I ask because the problem you are describing (resetting of gauges) also happens to be consistent with a loose battery terminal. Worth a look... whether you touched the battery or not during your install.

Otherwise... it's kinda a stretch to believe the HID kit is really tied to the resetting of instruments, unless you are somehow tapping power for your ballasts off a circuit that is related to (or otherwise sympathetic to) the Instrument Cluster circuit.

What kind of HID kit is this (brand/model)? If it's "generic", which vendor did you get it from?

Lastly... if you wired this HID to work off of the stock low-beam circuit, this is not going to make your ignitor very happy over time. You need (rather, should have) a dedicated toggle switch to light up your low-beam HID. If you use the stock wiring circuit, you are forcing a back-to-back "double-ignition" of your HID kit. The HID bulb ignites when you switch the key on, extinguishes when you hit the starter, and re-ignites a second time when you release the start button, all within just a couple seconds. Each time the HID bulb is lit up, the ignitor sends ~ 23,000 volts down the wire to your bulb. To force it to do this twice every time you start the bike makes for a hard life for your ignitor.

You ought to consider installing a dedicated switch to solve this problem. 'Course, you now have to remember to switch on your HID after you start the bike, or get a "time-delay" type of relay to automatically do this. I just use a simple toggle switch for my HID low beam....

Thanks War. It makes sense now. I need install a switch. Does it matter if I use the negative or positive side of the bulb harness to install my switch?
 
I found that when my clock started resetting that the battery was about to give up the ghost. Time for a new battery.
 
The bike is 1 month old!

Good thing I have an in with the dealership... I will try the easy stuff first, and maybe the delay box...
 
All: Mine did that too, and the guy who did my install for me told me he'd need to install an in-line resistor.

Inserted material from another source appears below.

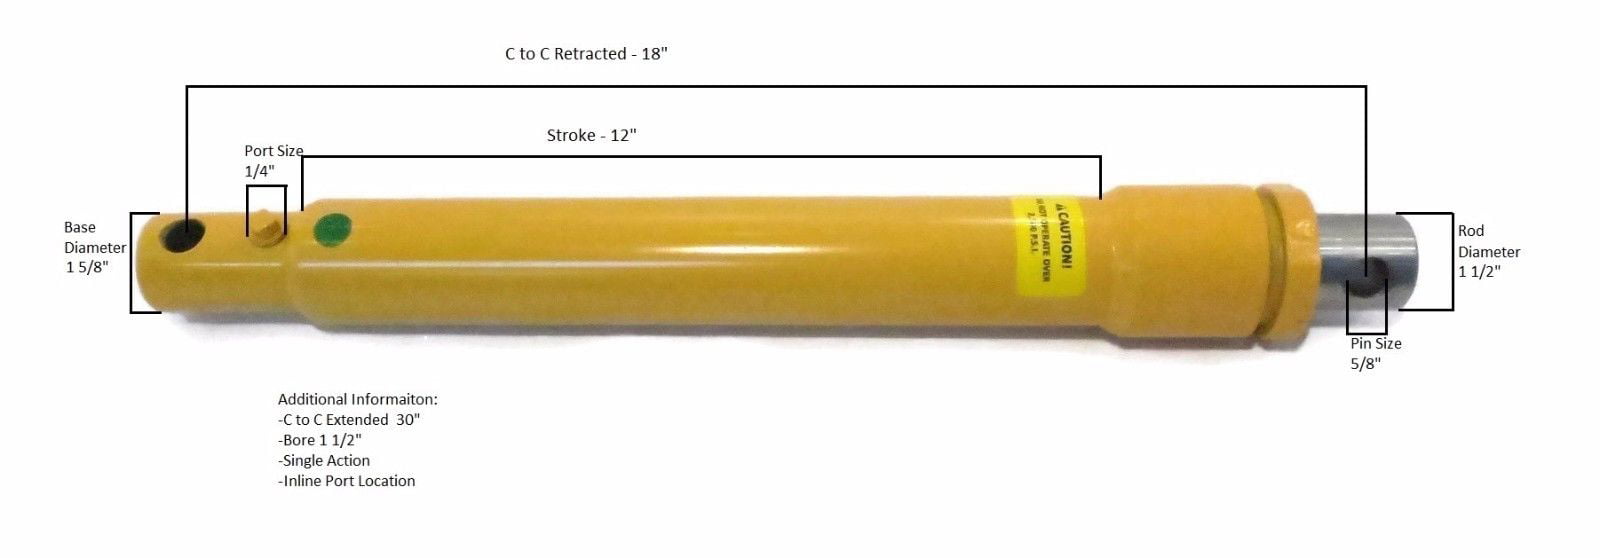 Buyers 1304010 Hydraulic Cylinder 1-1/2" x 12" For Meyer Snowplow 05437 
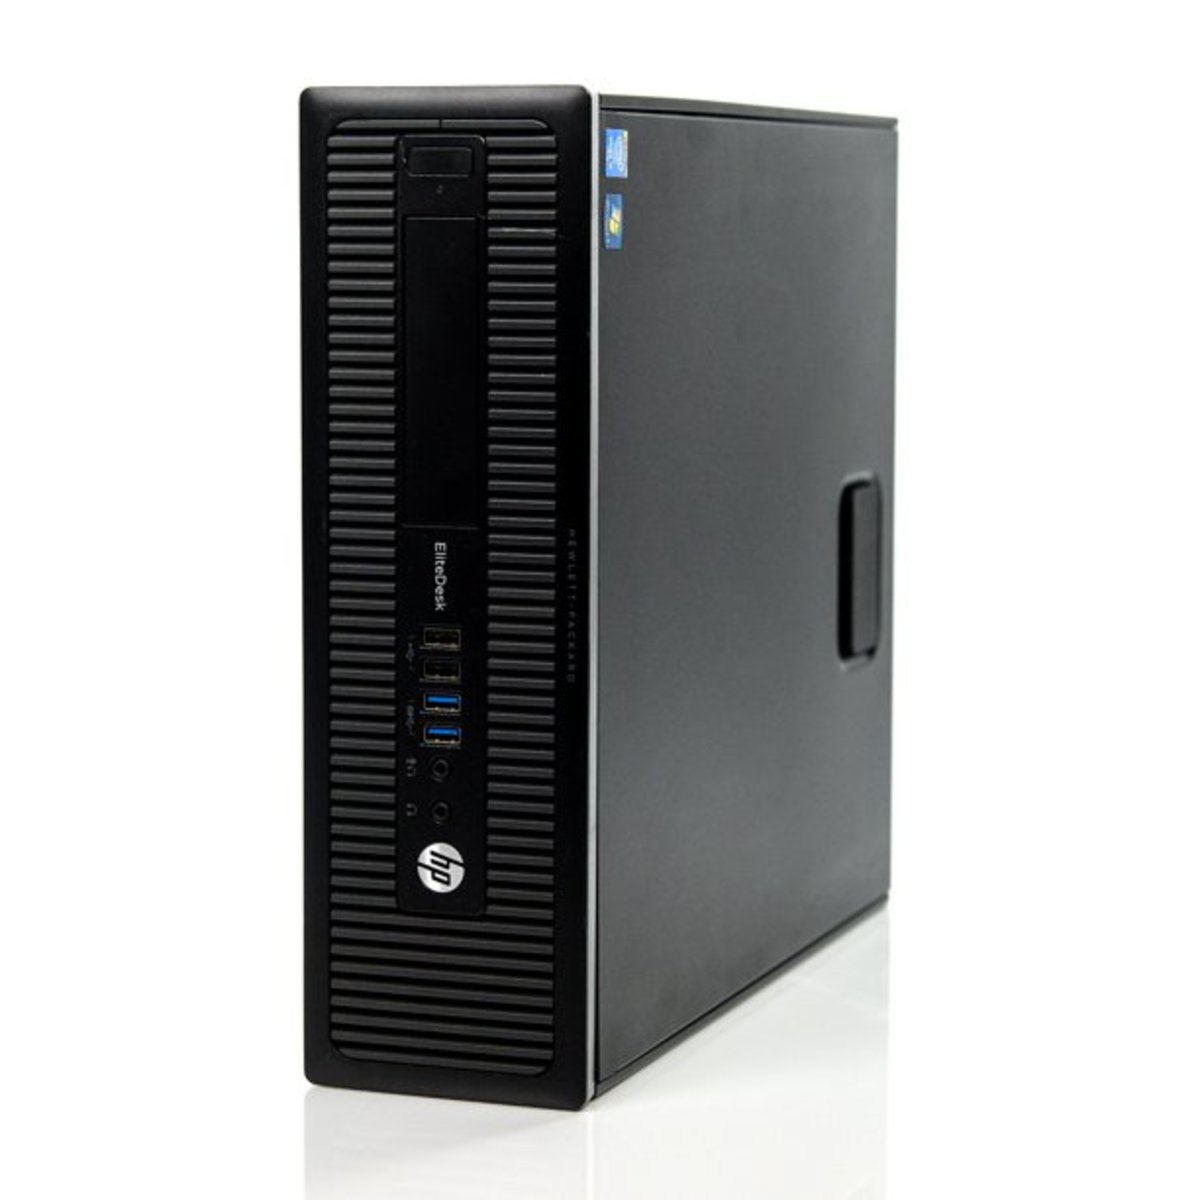 Desktop PC review: HP EliteDesktop 800 G1 Small Form Factor

He came over, put the resistor in, and it hasn't happened again since.

Check it.

If you need, I'll get more details from my 'wrench', "Jaws".

mmmkay?
 
Please do Scar! Sounds like the HID delay kit would do the same thing, but I am handy as all getout, so if I can find out what he did, I can duplicate it...
 
K. This is the low-down I got from Jaws.

He put an in-line resistor (same size as you'd use for LED turn signals) on each the positive and negative sides. This prevents the light from "slamming" on. 23,000 volts charging down the wires...

As mentioned previously, this solved the problem. At first, when it happened, I was alarmed and rode the bike directly home.

The clock would reset, the speedo and tach would cycle as if the bike was starting up, but the mileage and such remained unaffected. It was very alarming.

You're riding along at say, 4:30 pm, then the next thing you know, it's 1:01.

You wonder why.

At first you attribute it to the warp-speed and time-travel which owning a 'busa affords you. But then it happens again (even though you KNOW you didn't engage the after-burners, photon-accelerators, etc.)...and you know something is not right with the world.

Jaws tells me these resistors are available at Radio Shack. He's coming to my house tonight to do some top-secret work on my bike, so I'll tell him we still need to know the size resistors he installed...and I'll report that as I am able.

He further told me that if there was an electrician/electronics expert at Radio Shack when you went there, and you told them it was for LED lights, that guy would know which resistor to sell you.

Hope this helps ya'llz.

Scar Palomar (1) 05OCT08.jpg
 
I don't know if this works on all years but on the 08 I use the old trick of pushing in the starter button, then turn on ignition then pull in clutch to start. The light doesn't come on till I release the starter. Although since I've installed my HID's there have been a couple of times I forgot to start it in this manner, it did not reset anything. Is it possible that the ballast and/or ignitor is to close to the cluster causing interference?